Thanks for your reply.
There is no load on the output, I was just trying the voltage regulator and measured the output current

 

That seems to be a contraddiction. How can you measure the output curren when there is no load on the output ?

Les.

 

You really have only four possibilities, listed in descending order of likelihood:

1. One or both of your batteries is dead (i.e., very high internal resistance);
2. Your regulator is dead; or
3. You've got something wired wrong; or
4. Something I haven't thought of yet.

Frankly, I have a very hard time believing that you've actually drained a battery with a capacity of 2600 mAh in just a few seconds. 2600 mAh is 2.6 Ah, which is 2.6 * 3600 ampere-seconds, or just over 9000 ampere-seconds. To drain that battery in, say, 10 seconds, would require almost a thousand amps, and the battery cannot deliver that much current.

 

Hello,

Looking at the datasheet of the 3 pin regulator, the input current (Quiescent Current) is about 2 mA at no output current and 7 volts input voltage.
(see fig 1 in the datasheet).
The Quiescent Current seems to grow when the output current is getting larger. (see fig 8 in the datasheet)

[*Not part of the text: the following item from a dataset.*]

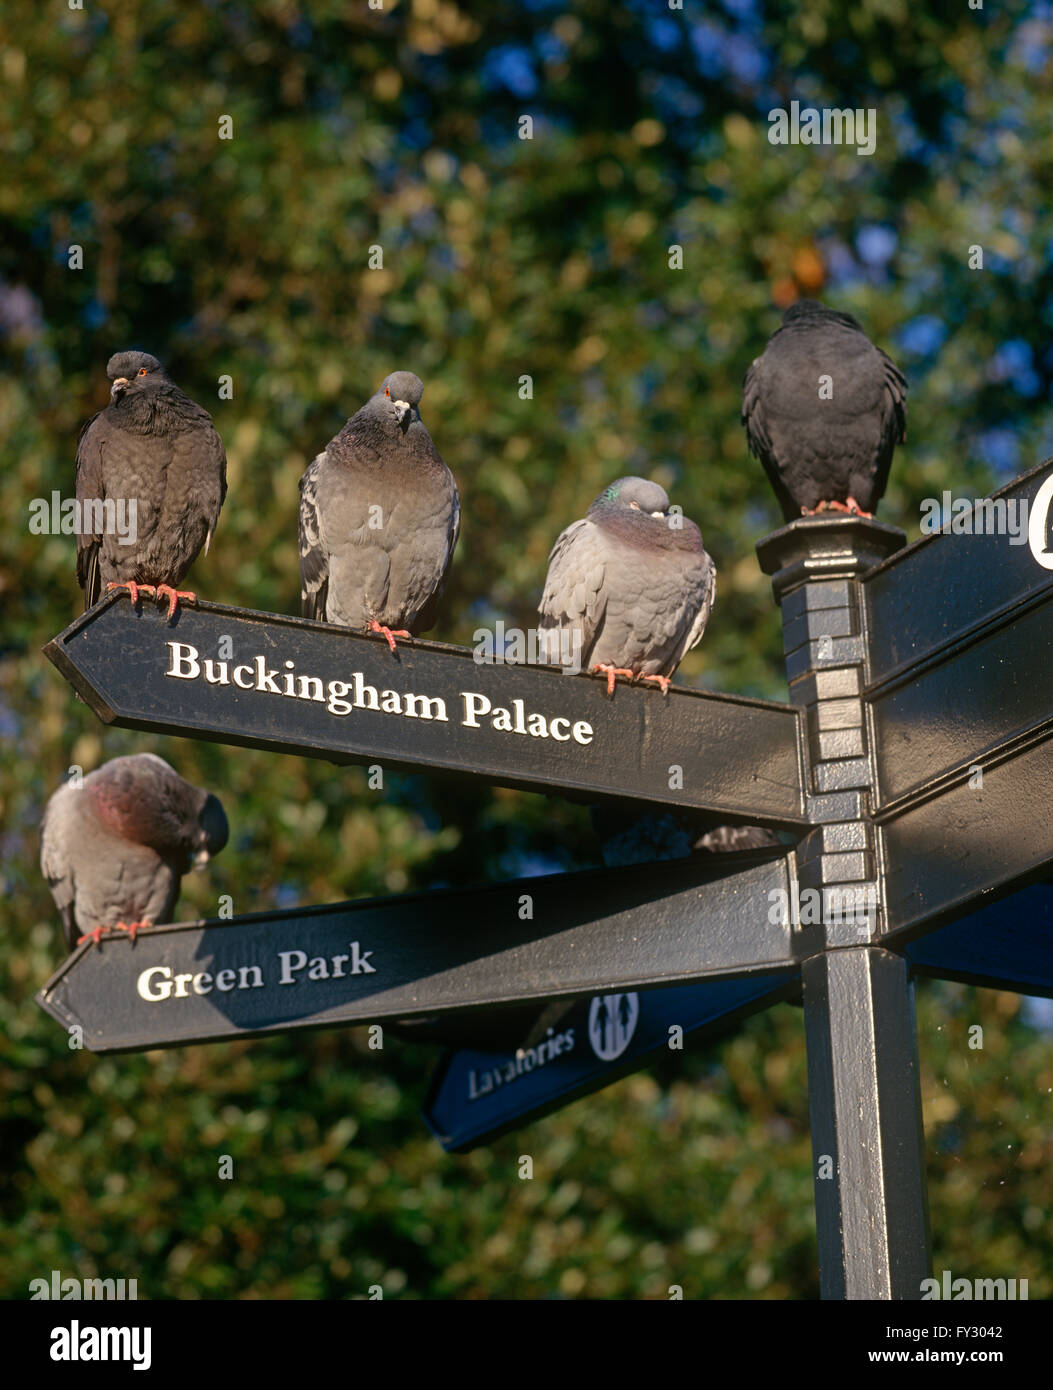 Tauben sitzen auf einem Schild für Buckingham Palace und Green Park. Stockfoto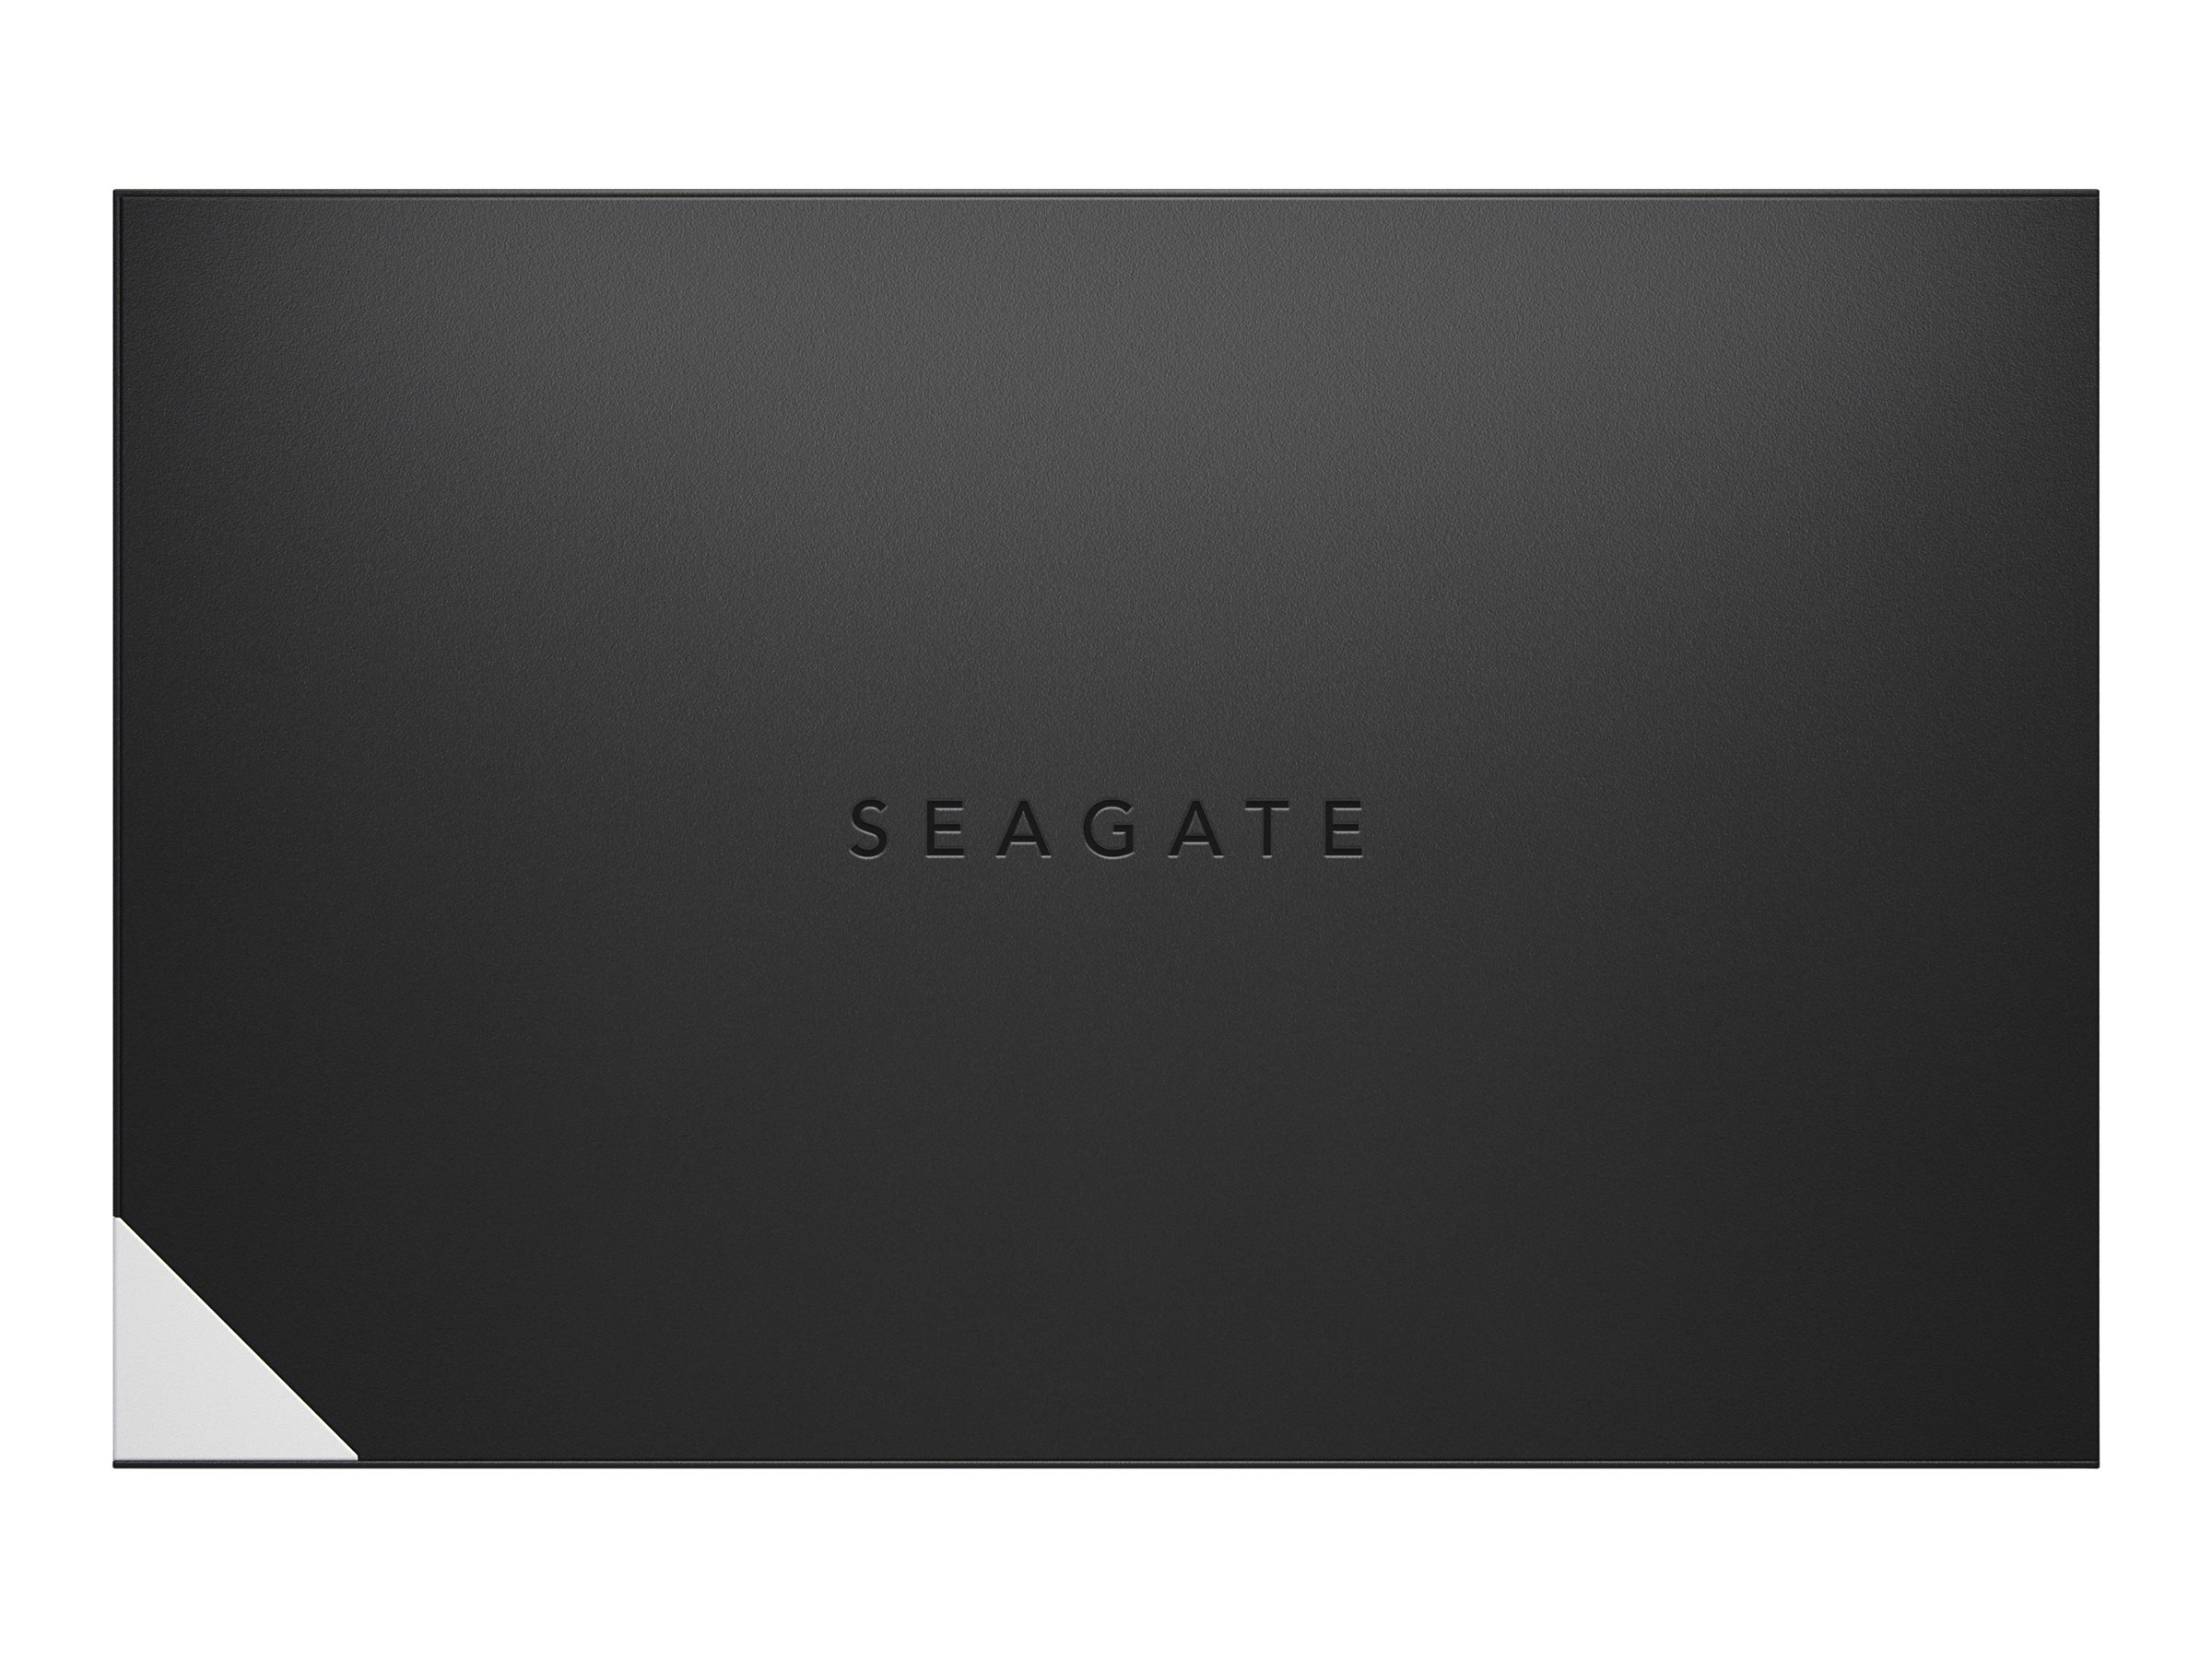 Seagate One Touch with hub STLC8000400 - Disque dur - 8 To - externe (de bureau) - USB 3.0 - noir - avec Seagate Rescue Data Recovery - STLC8000400 - Disques durs externes

How do you want to measure the output current?
You must have a load to be able to measure a current through it.

Bertus

 

That seems to be a contraddiction. How can you meadure the output curren when there is no load on the output ?

Les.

I just plug the batteries on the voltage regulator and then i put my multimeter just at the output of the voltage regulator, at the beginning everything seems to work but after a few second, maybe one minut,e the current surprisingly become very high and then nothing, and when i measure the voltage directly on my batteries after this the voltage is very low. and after some minutes the voltage of the batteries start to become higher until it reach the normal voltage, I don't understand how it is possible, I am probably doing something wrong, but I don't know what.

 

Hello,

Looking at the datasheet of the 3 pin regulator, the input current (Quiescent Current) is about 2 mA at no output current and 7 volts input voltage.
(see fig 1 in the datasheet).
The Quiescent Current seems to grow when the output current is getting larger. (see fig 8 in the datasheet)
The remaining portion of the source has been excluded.